* [Information supplied]:
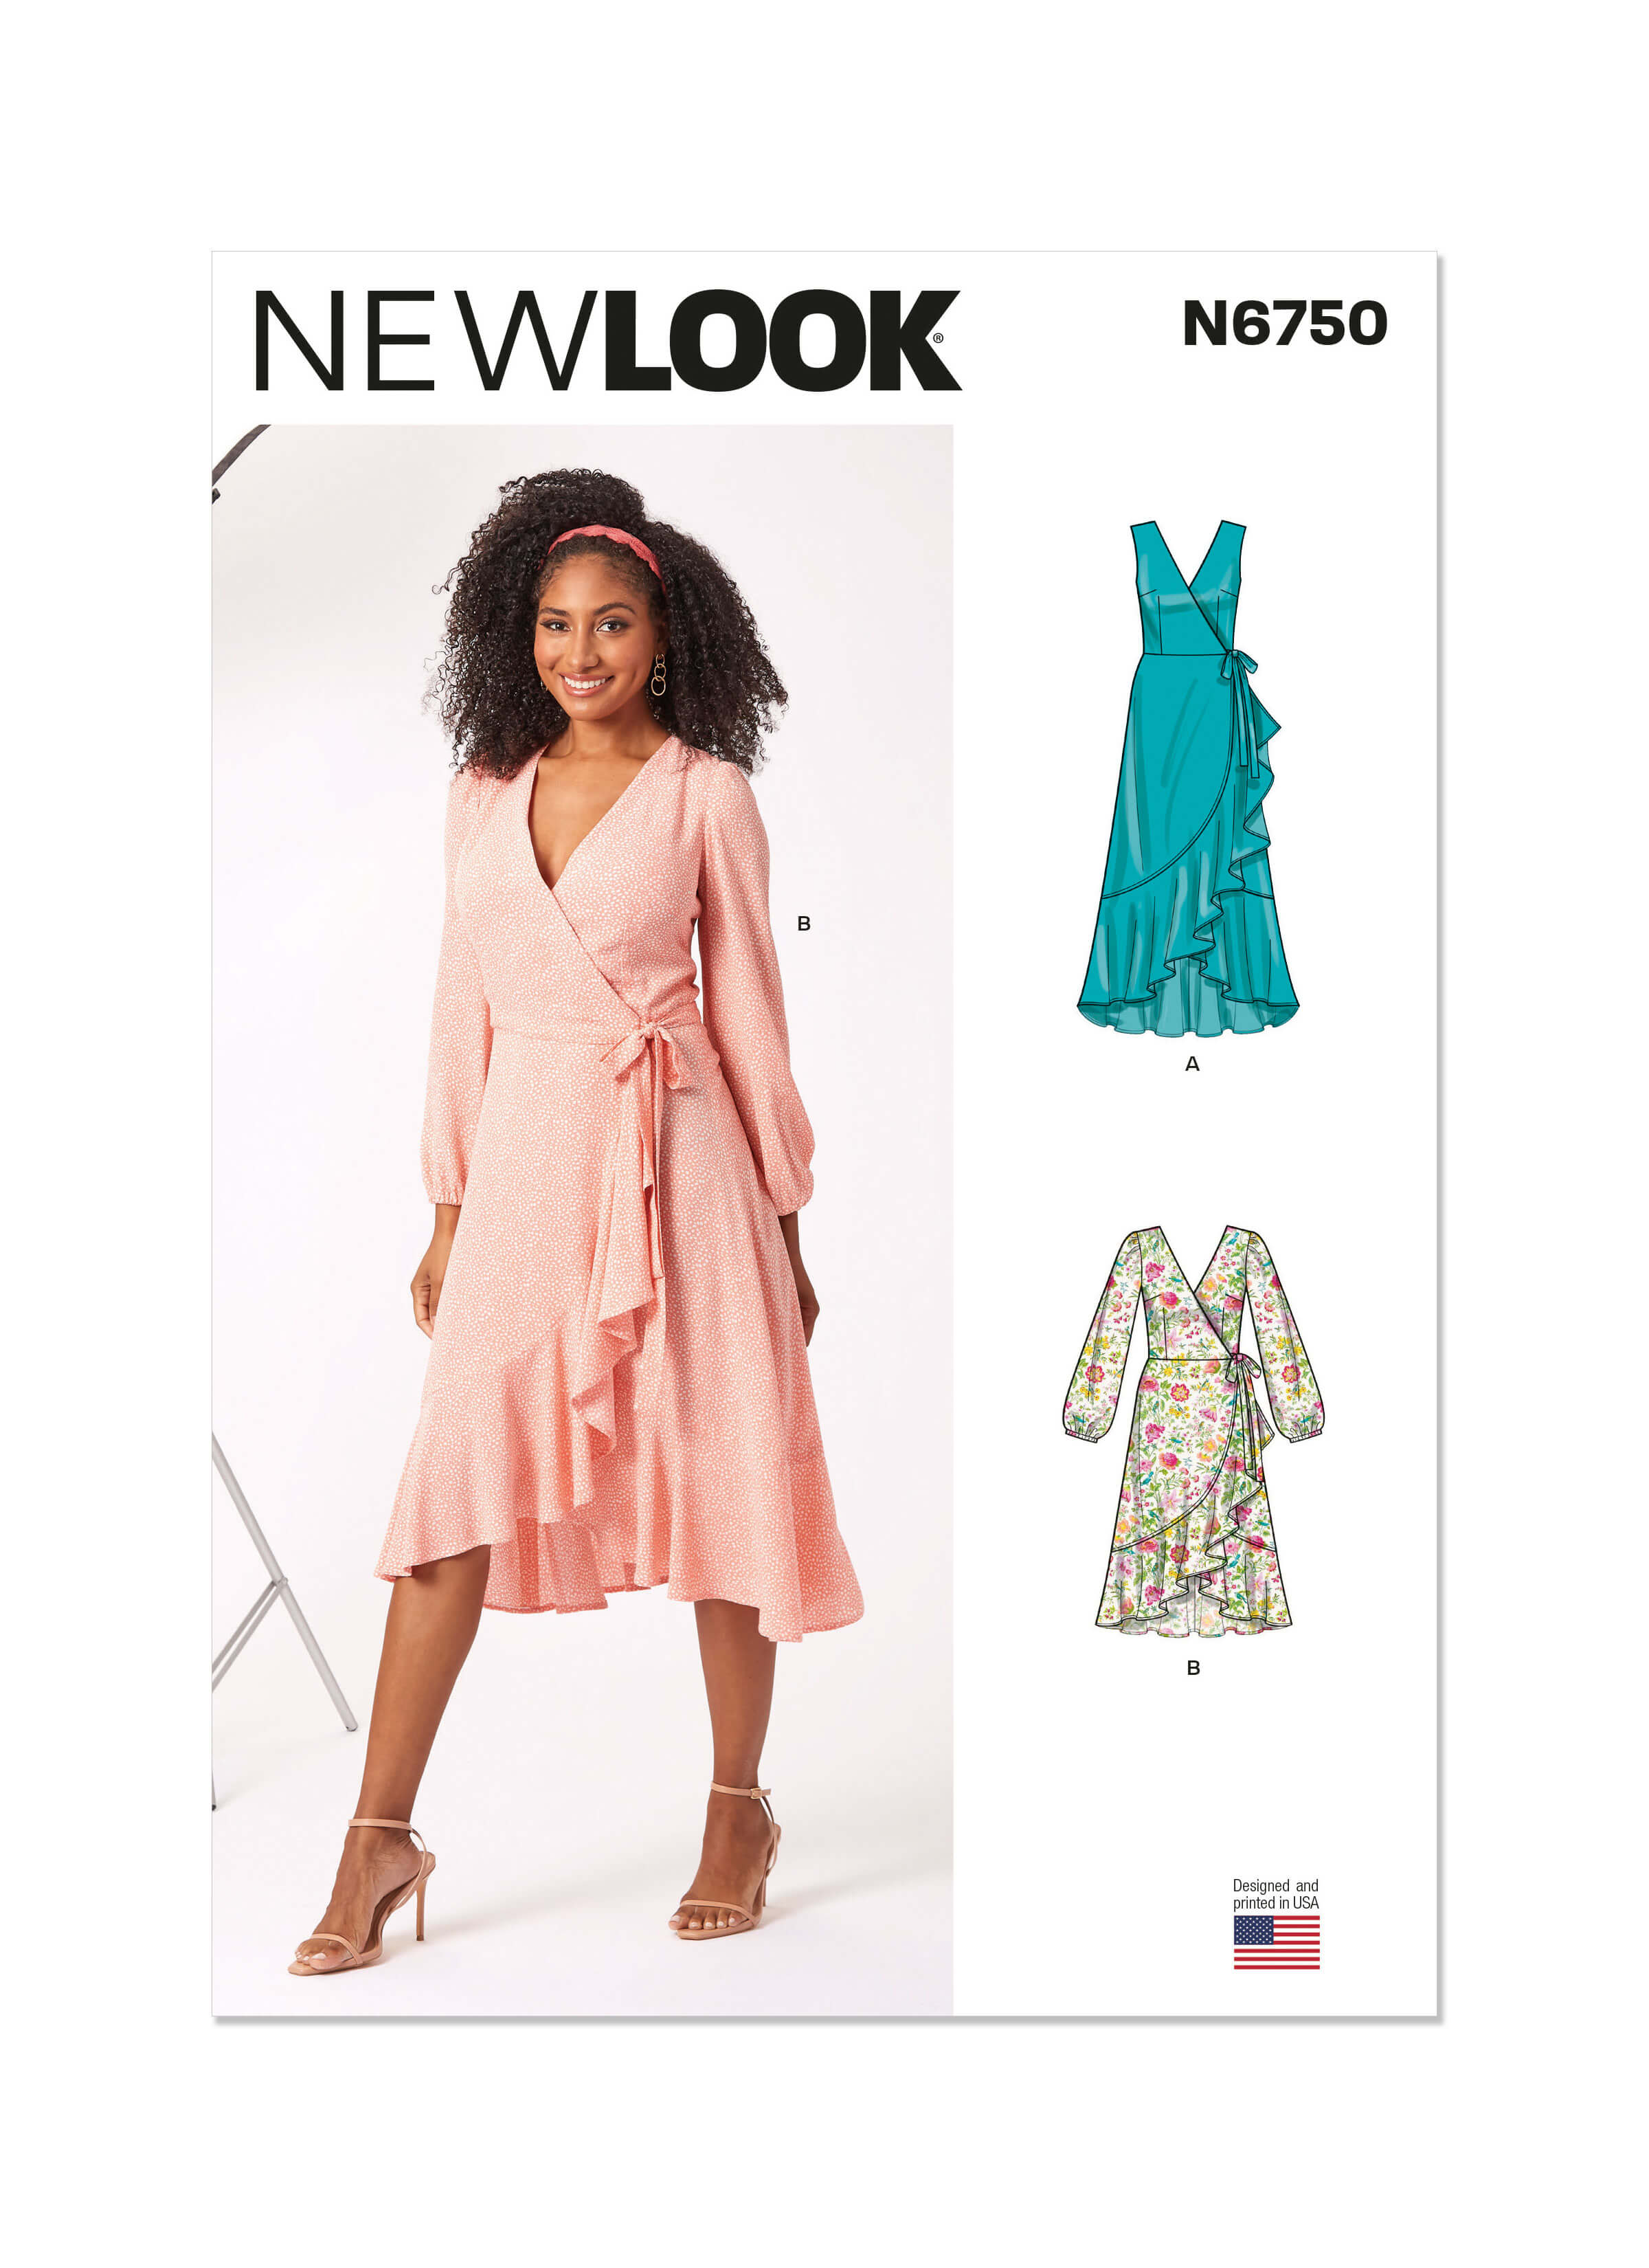 New Look Sewing Pattern N6750 Misses' Wrap Dress With Length and Sleeve Variations
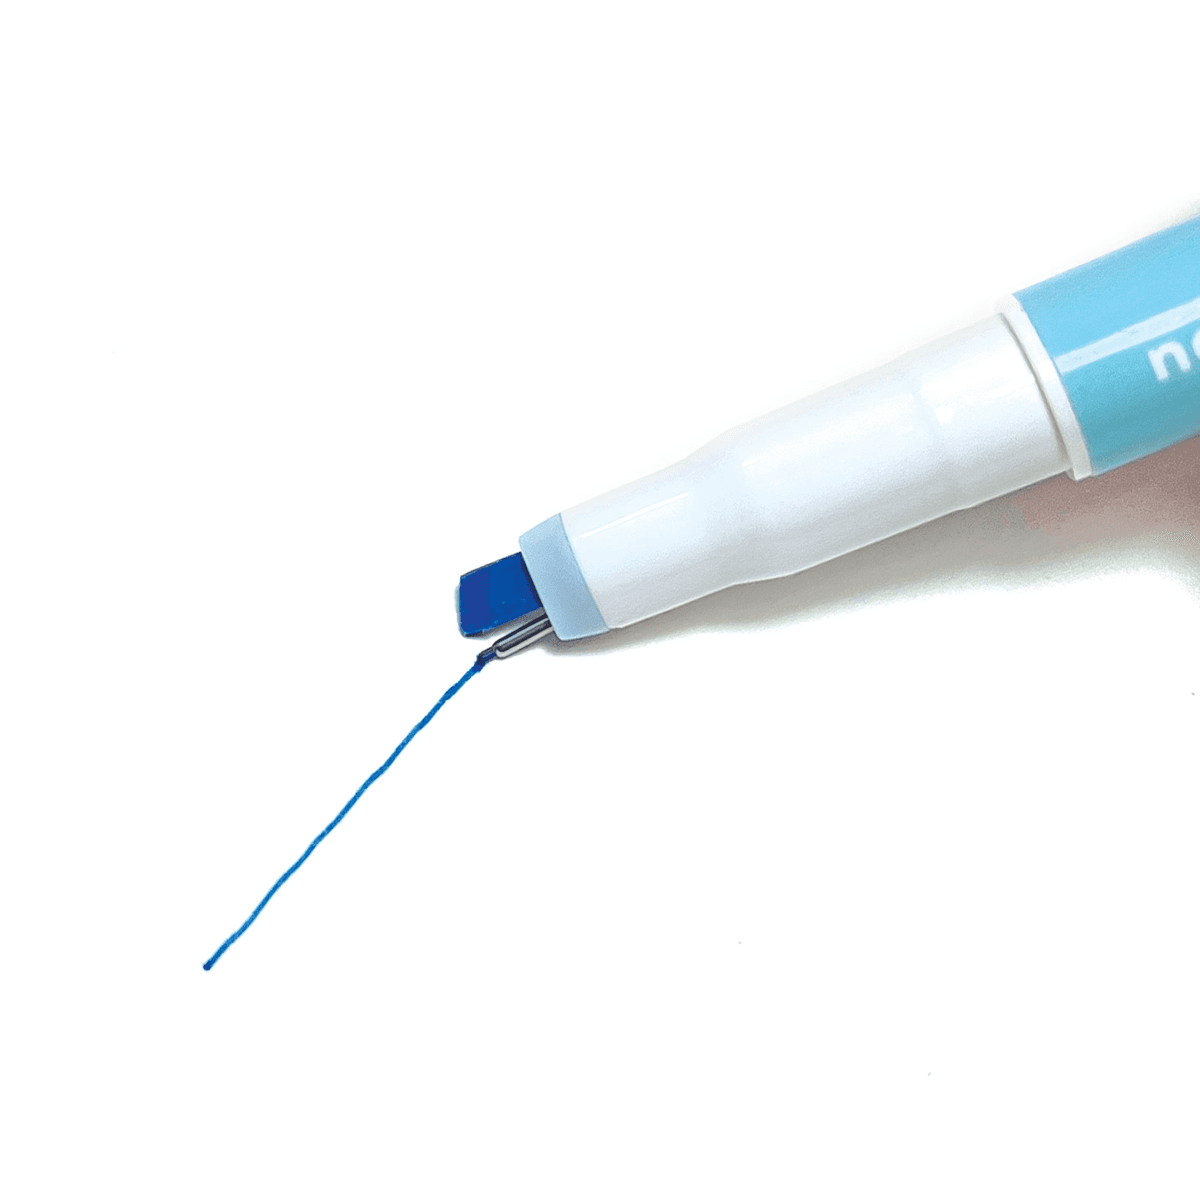 Noted! 2-in-1 micro fine pen and highlighter close up of blue pen writing
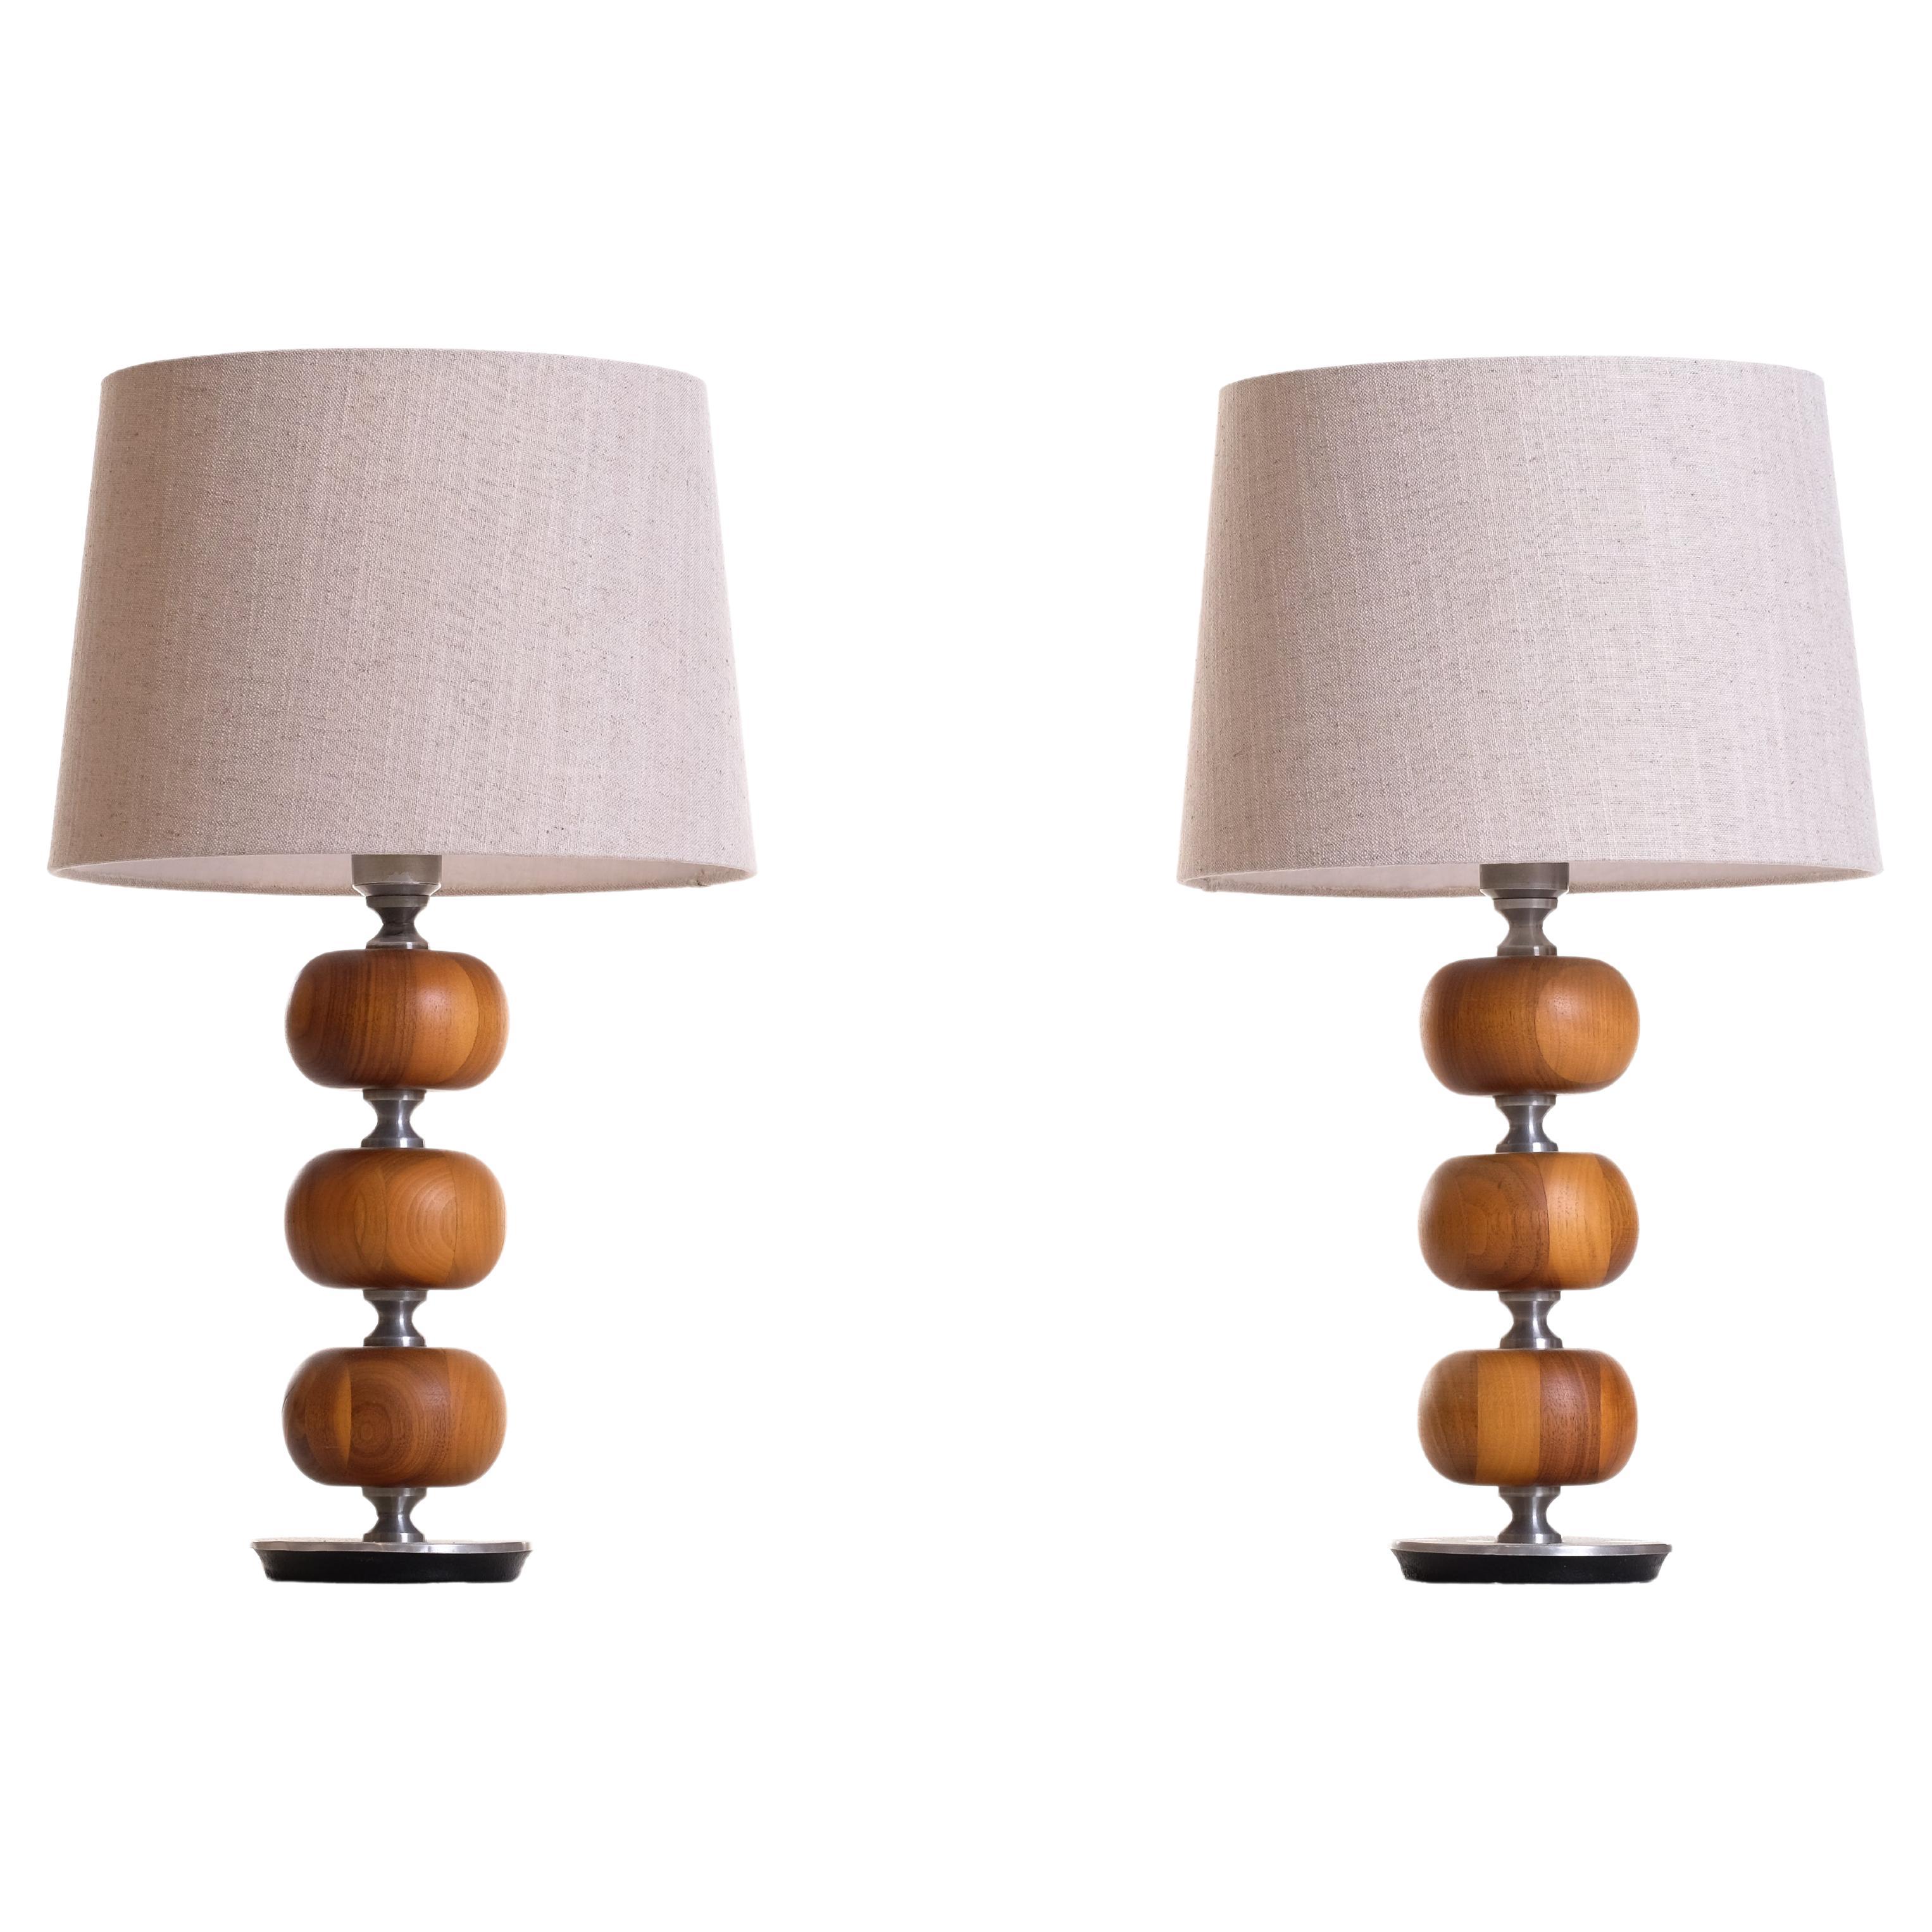 Pair of Swedish Table Lamps by Tranås Stilarmatur, 1960s For Sale

* [Work to complete]: Copy the data exactly. Any picture it contains is to be omitted.

* [Result]:
 New Look Sewing Pattern N6750 Misses' Wrap Dress With Length and Sleeve Variations
 Noted! 2-in-1 micro fine pen and highlighter close up of blue pen writing
 Pair of Swedish Table Lamps by Tranås Stilarmatur, 1960s For Sale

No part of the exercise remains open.